All participants reported having been diagnosed with and recovered from the acute COVID-19 infection but experienced persistent and function-impairing symptoms at least 4 weeks after initial infection. None of the subjects reported being hospitalized due to their COVID-19 infection. Each participant gave informed consent prior to testing. Exclusion criteria included those conditions and/or diseases that could influence the oculomotor or vestibular systems (e.g., a history of brain injury, vestibular disorders, blurred vision, or seizures). Special populations including children under 18 years of age, pregnant women, and individuals with diminished capacity (e.g., intellectual disability, dementia) were also excluded from this study. All three sites utilized the same inclusion/exclusion criteria, which are described in Table 2.
For the control population we used previously collected and published data (34, 35).
Battery of tests
Subjects were administered a battery of 20 OVRT-C tests (see Table 3 for a list of tests with output metrics and length for each test). Of these, the Gaze Horizontal, Spontaneous Nystagmus, Subjective Visual Vertical, and Subjective Visual Horizontal tests assess vestibular function. All stimuli were presented at high contrast on a neutral background with no distracting patterns. Tests were presented consecutively and ranged from 7 to 90 seconds in duration, for a total testing time of approximately 15 min. Subjects were seated comfortably adjacent to the test administrator throughout testing and their heads were not stabilized.
Hardware and software
OVRT-C tests were delivered via the Neurolign Dx 100 (formerly known as I-Portal Portable Assessment System - Nystagmograph; I-PAS), an FDA-cleared eye-tracking device manufactured by Neurolign USA, LLC (formerly known as Neuro Kinetics, Inc.; Pittsburgh, PA). The Neurolign Dx 100 is a portable and compact head-mounted virtual reality goggle set equipped with high-speed digital infrared cameras (940 nm, sampling rate of 100 frames/second) that capture high-resolution images of eye movements in response to light and auditory stimuli. A hand-held apparatus with response buttons recorded participants' reaction times and/or responses during tests that require manual input (i.e., subjective visual vertical/horizontal, auditory reaction time). Data were collected using Neurolign's I-Portal software, which captures time stamps (necessary for synchronization) and analyzes digital images of the eye to record horizontal and vertical eye movement data. Proprietary VEST™ software was utilized to operate the hardware, create and edit stimulus parameters, integrate I-Portal eye-tracking results, and analyze acquired data to generate a comprehensive set of desired metrics.

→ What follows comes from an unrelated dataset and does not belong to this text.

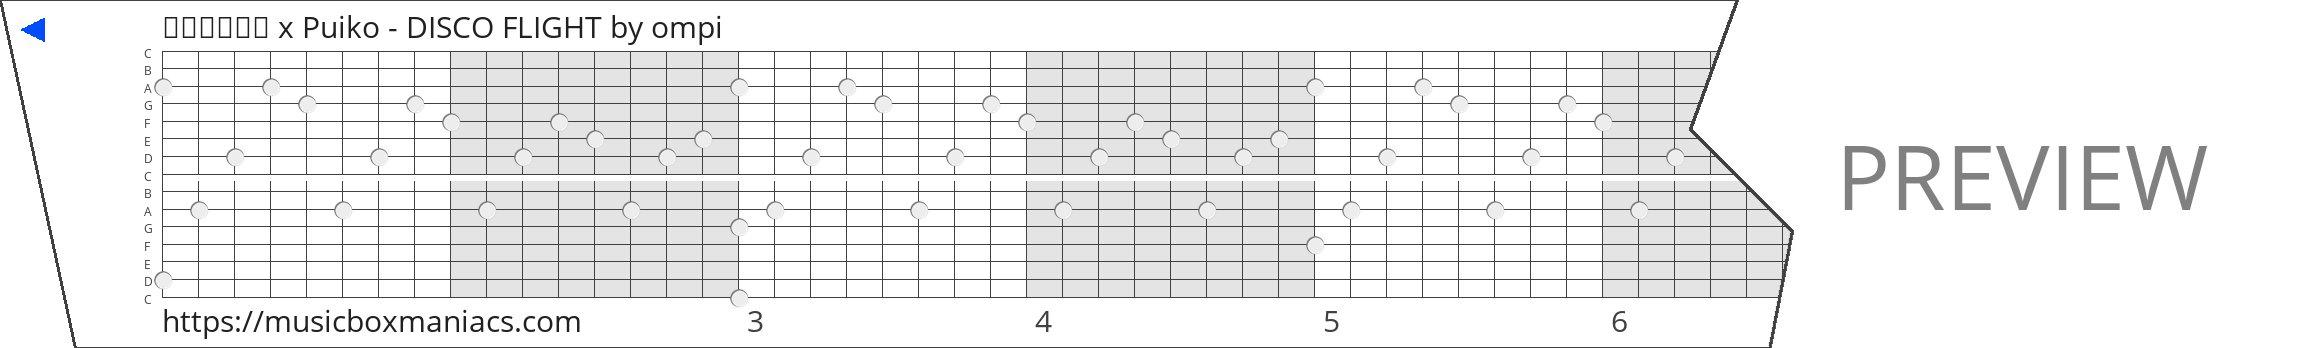 凛として時雨 x Puiko - DISCO FLIGHT 15 note music box paper strip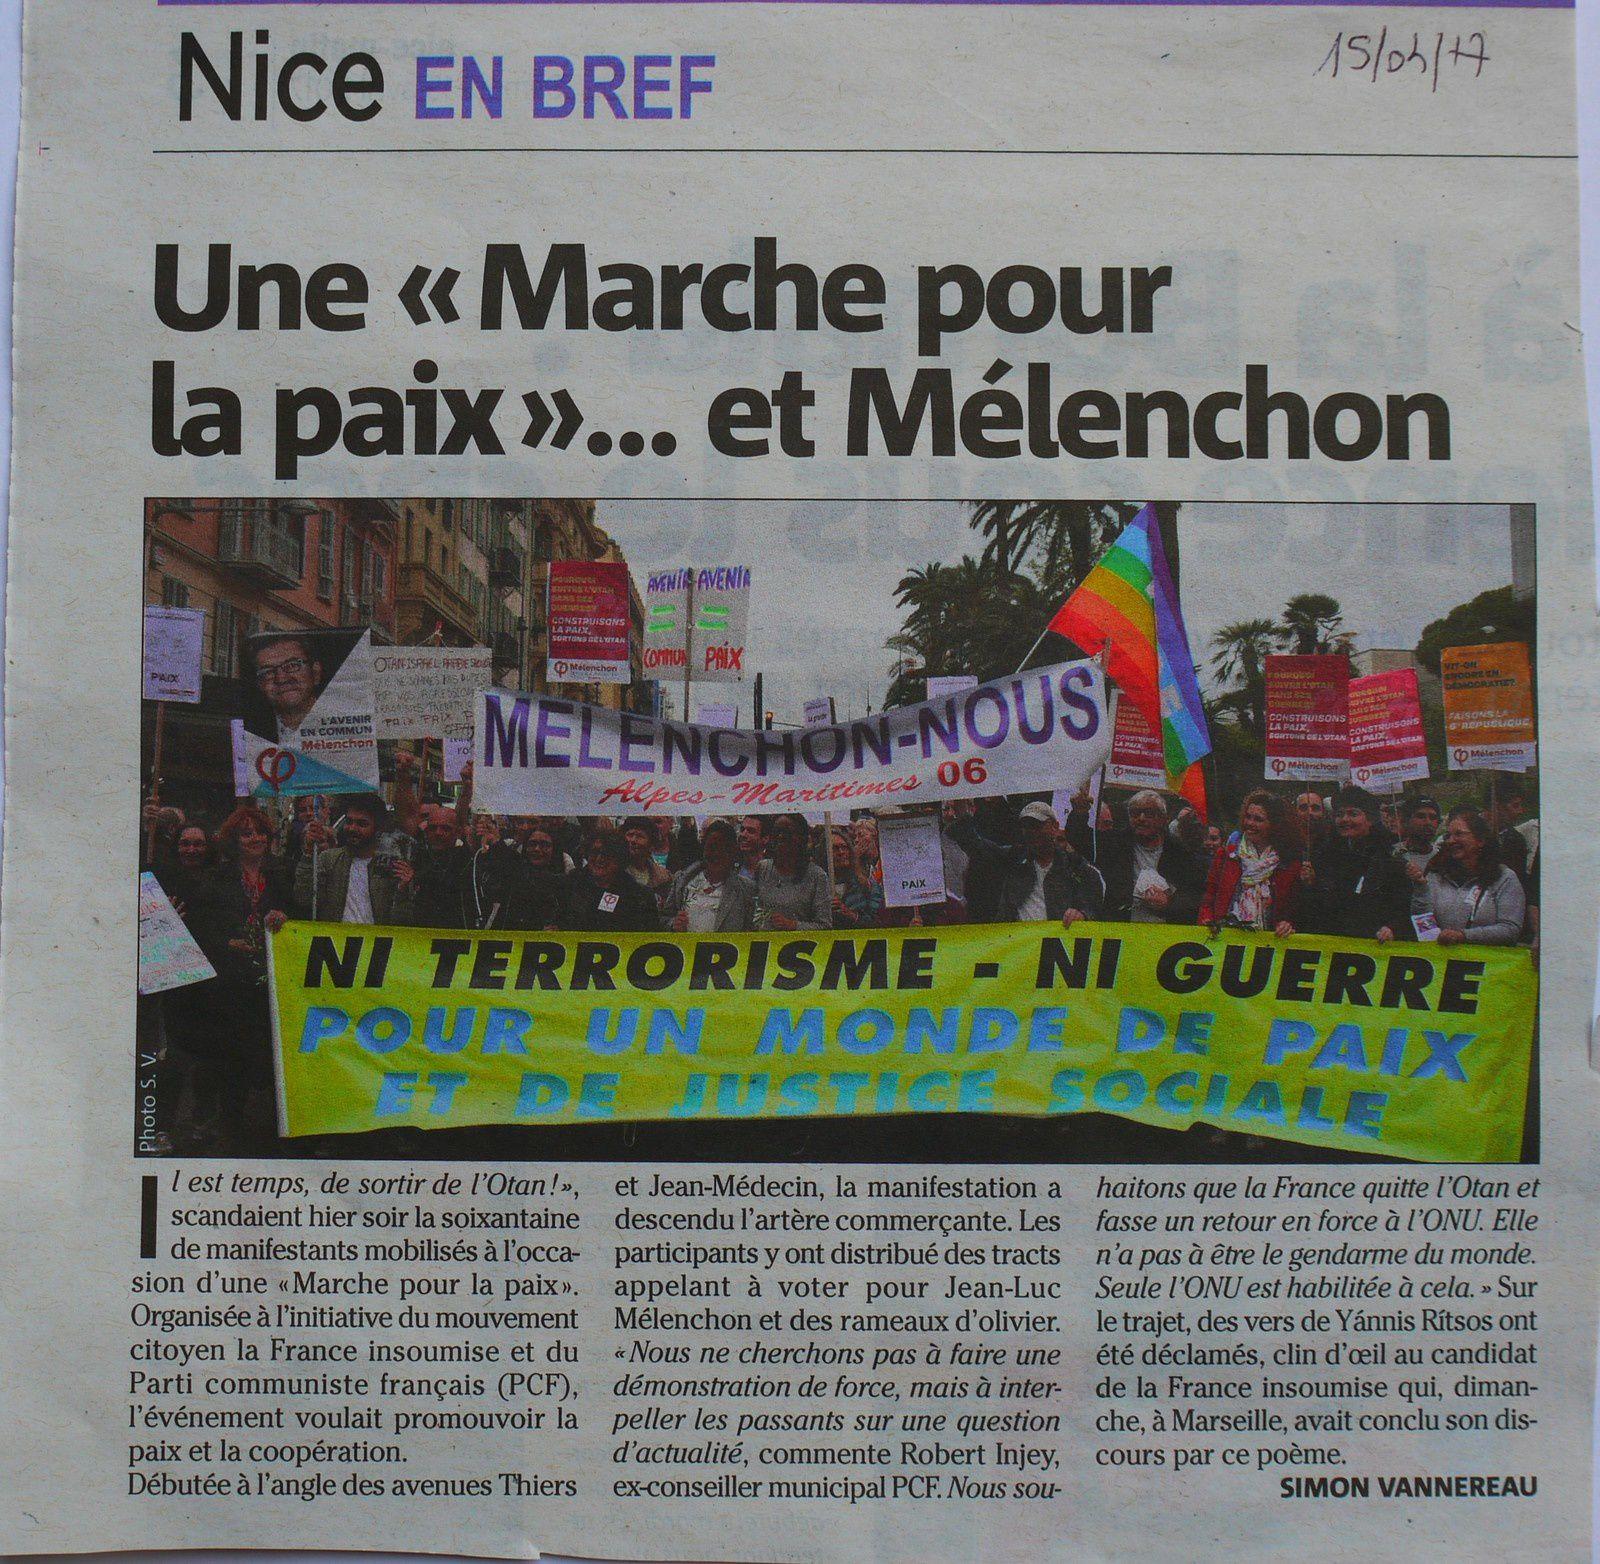 Une marche pour la paix et...Mélenchon (Nice-Matin)

Treatment of artifacts and outlying samples
Data were calibrated for position by comparing eye movements to fixation locations that had a known displacement. VEST™ software identified artifacts such as blinks, recording noise, and any temporary failures in eye tracking. Along with other possible artifacts, such as shifting of goggles during testing, incorrect responses, and/or responses not related to the task, all artifacts were evaluated manually to ensure discrimination of eye movement signals from recording noise. In some cases, manual analysis was also necessary to isolate saccadic activity from pursuit activity. VEST™ software automatically reports data validity, i.e., the percentage of acceptable data available from which to calculate results. The software alerted the test administrator if data validity was below 60%, in which case VEST™ only analyzed data from a single eye as long as that eye was above the 60% validity criterion. If validity for both eyes was below 60%, data from that particular test were discarded. For some subjects, results from specific OVRT-C tests were removed from analysis when the data quality was inadequate for accurate measurement or created analytic errors.
Data analysis
Data acquired for each OVRT-C test were reviewed to ensure completion and validity, and analyzed using VEST™ software.
For each completed and validated test for every subject, measures of OVRT-C performance were collected from the VEST™ software. These measures corresponded to the “Metrics measured for each test” in Table 3, and “Metrics” in Table 4. For a given subject, each of their collected metric measurements were compared to the normative range for that metric in a clinical (FDA-approved) normative database (34, 35). We then determined the number of subjects whose measures fell within vs. outside the normative range for that metric. These are reported as percentage (%) abnormalities for each variable. Since the normative ranges were based on a 95th percentile ranking (95% of the normative database subjects were within each range), the expected percentage outside each range (% Abnormalities) would be 5% for an unaffected subject population. Our results are therefore meant to be interpreted relative to this expected 5%.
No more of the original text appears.